Собственно, беседы, как таковой, не получилось.
Инструктор Центрального комитета КПСС (так называлась компартия) поблагодарил меня за статью, сказал, что Михаил Сергеевич Горбачев мою статью прочитал, что от идеи построения коммунизма, в общем, принято решение отказаться, так что необходимость в общепартийной дискуссии отпала, а мои конкретные предложения, содержащиеся в статье, будут рассмотрены в рабочем порядке.
Затем слово забрал себе начальник отдела нашего министерства, который сообщил, что меня решили досрочно вывести на пенсию и вручил мне пенсионное удостоверение и Почетную грамоту Министра.
Затем встал генерал милиции, оказавшийся начальником учебного управления МВД, который торжественно вручил мне направление на учебу на спецкурсы МВД в Москве.
Я не успел и слова вымолвить, как все повставали с мест, задвигали стульями, а меня подхватил под локоток инструктор ЦК и отведя в сторону, шепотком поведал, что в КГБ мне – ну, никак нельзя, все-таки моя статья, если подходить строго, направлена на ревизию марксизма (вот так, ни много-ни мало!), а органы безопасности – это органы партии…
А в милиции я буду работать после окончания курсов в особой инспекции Алтайского краевого управления милиции (сейчас это подразделение милиции называется управлением собственной безопасности – УСБ) и заниматься буду расследованием злоупотреблений по службе работников внутренних дел.
Спорить я не стал, и правильно сделал. Теперь-то я знаю, что если бы я не работал на режимном заводе, не входил в особый список правительства, то после своей статьи меня бы исключили из партии, «ушли» с занимаемой должности и я разделил бы судьбу диссидентов – либо психушка, либо долгие годы прозябания изгоем общества с работой дворником или истопником котельной…
В свой отдел на службу в краевое УВД я вышел в 89-м, поработал несколько лет и уволился – в обстановке всеобщей коррупции, разгула криминала, вседозволенности и всевластия адвокатуры работать в милиции я не смог.
Но полученные на курсах Академии МВД навыки и опыт работы в особой инспекции если и не сделали из меня высококлассного профессионала, то все-таки кое-чему научили.
Так что некий запашок от ситуации, в которую я угодил как-то невзначай, я ощущал явственно. Я никак не мог понять, почему, но определенно чувствовал его. И он мне сильно не нравился…
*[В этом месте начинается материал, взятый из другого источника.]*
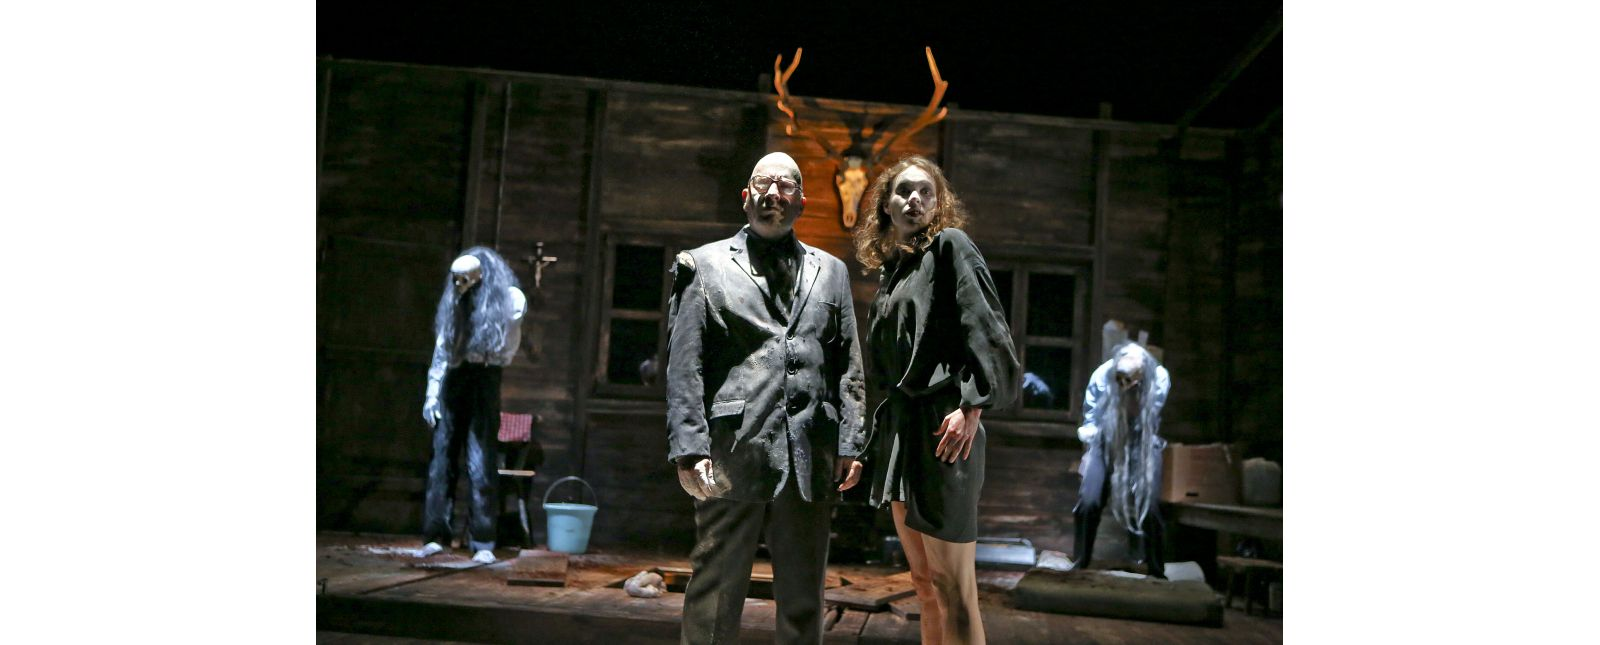 The Black Forest Chainsaw Opera // Lukas Hupfeld, Holger Kunkel, Inga Schäfer, Janna Horstmann // Birgit Hupfeld // 2018

Тем временем я дошел до дома, где жил мой родственник, и он оказался на месте – не успел уйти на работу. Я прямо с порога сказал ему, чтобы он не беспокоился, я задержусь в Москве на пару дней, жить буду не у него, и тут же ушел, забрав свою сумку с вещами и пообещав ежедневно отзваниваться по телефону.
После посещения рынка и магазинов я запасся продуктами и уже на такси вернулся к знакомому дому с дверьми из темного полированного стекла – пакеты оказались трудноподъемными, и я не рискнул возвращаться назад пешком.
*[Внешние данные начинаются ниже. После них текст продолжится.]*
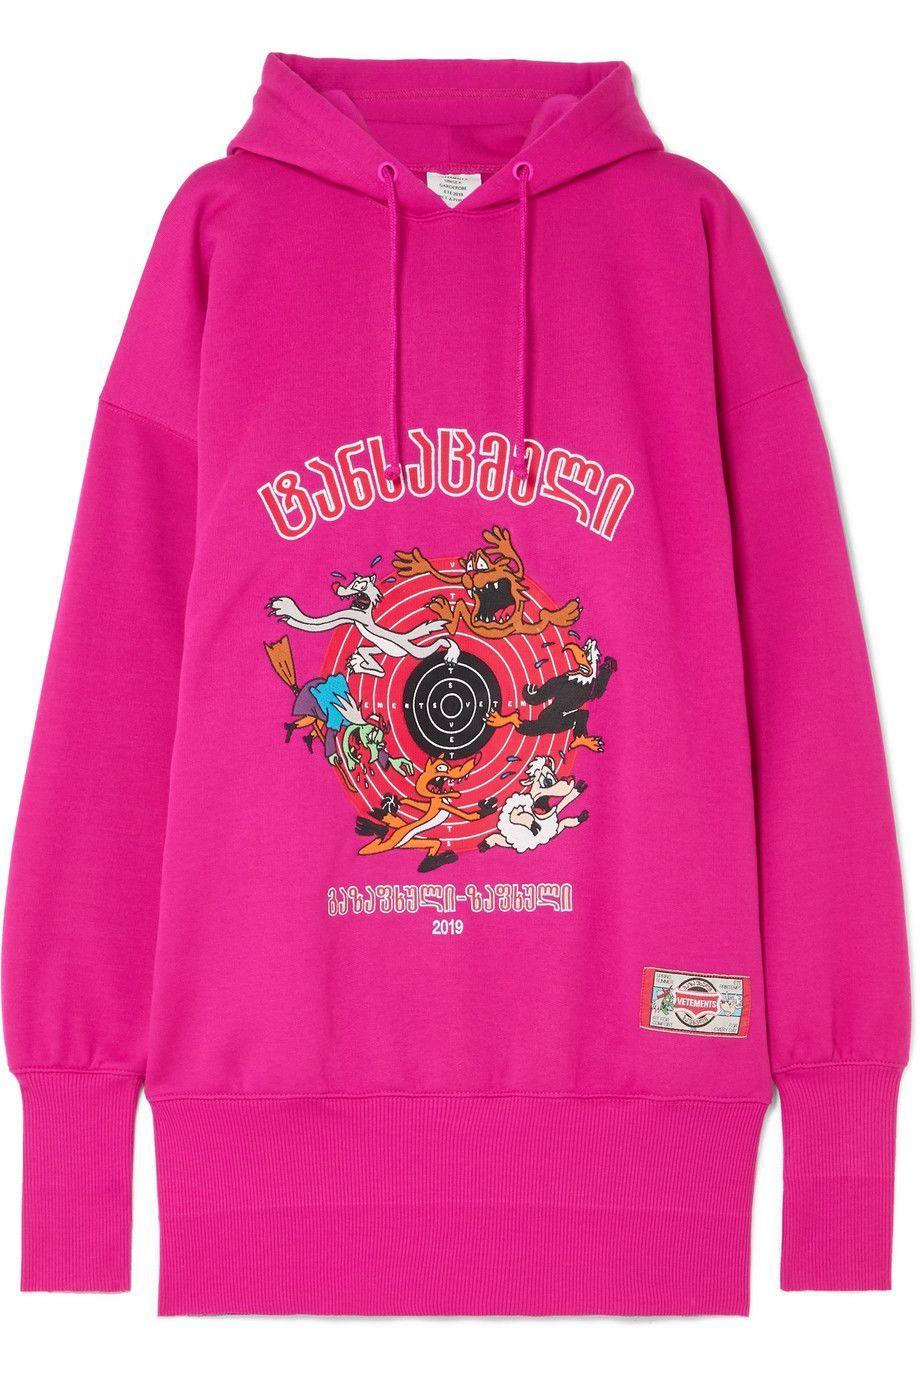 6 Sweatshirt Ini Bikin Penampilanmu Sekeren Ariana Grande

В вестибюле у окошечка будки охранника стояла представительного вида дама средних лет, одетая броско и дорого, в шикарной широкополой шляпе, и о чем-то говорила с Иваном Ивановичем.
Завидев меня, она повернулась в мою сторону, всплеснула руками и сказала:
– Ну, как же вы все донесете один? Давайте-ка я помогу!
Она как-то ловко выхватила у меня один из пакетов, и я не успел и слова сказать, как мы уже оказались заключеннными в кабину лифта, а через минуту – возле двери с цифрой «3» на ней.
На этом все не кончилось. Я открыл ключами дверь, она помогла занести пакеты, и только теперь представилась:
– Аделаида Гертрудовна Шацкая, актриса и ваша соседка. Играю на сцене у Армена Джигарханяна.
Мимо театра Джигарханяна я совсем недавно проходил – он располагался в одном из переулков неподалеку от дома моего брата.
– Виктор… – сказал я, принимая надушенную ладошку и прикасаясь к ней губами. – Пенсионер из Барнаула.
– Как интересно… – протянула томным голосом Аделаида Гертрудовна. – Я живу во второй квартире – это здесь, на противоположной стороне площадки…
– Я уже разобрался, где это… – пробормотал я, – и…
Но мне не дали докончить мысль.
– И я приглашаю вас прямо сейчас на чашку чая. Это же безумно интересно – в вашем возрасте – и на пенсии, я думала, только артисты цирка, балетные, певицы уходят на пенсию в вашем возрасте. А вы, похоже, не из их числа. Вы обязаны мне все рассказать, все-все!
Она ворковала приятным голоском, она увлекала меня под локоток, она буквально обволакивала меня своим обаянием и тонким запахом духов, и я сам не мог понять, как оказался сидящем в помещении уютной кухни ее квартиры, за столом, на котором стоял электрический самовар, на блюде – торт, а перед нами исходили ароматным паром чашки с чаем.
– Ну-у… – тоном любознательной кумушки протянула актриса Шацкая. – Кто же вы? И как попали в э т у квартиру?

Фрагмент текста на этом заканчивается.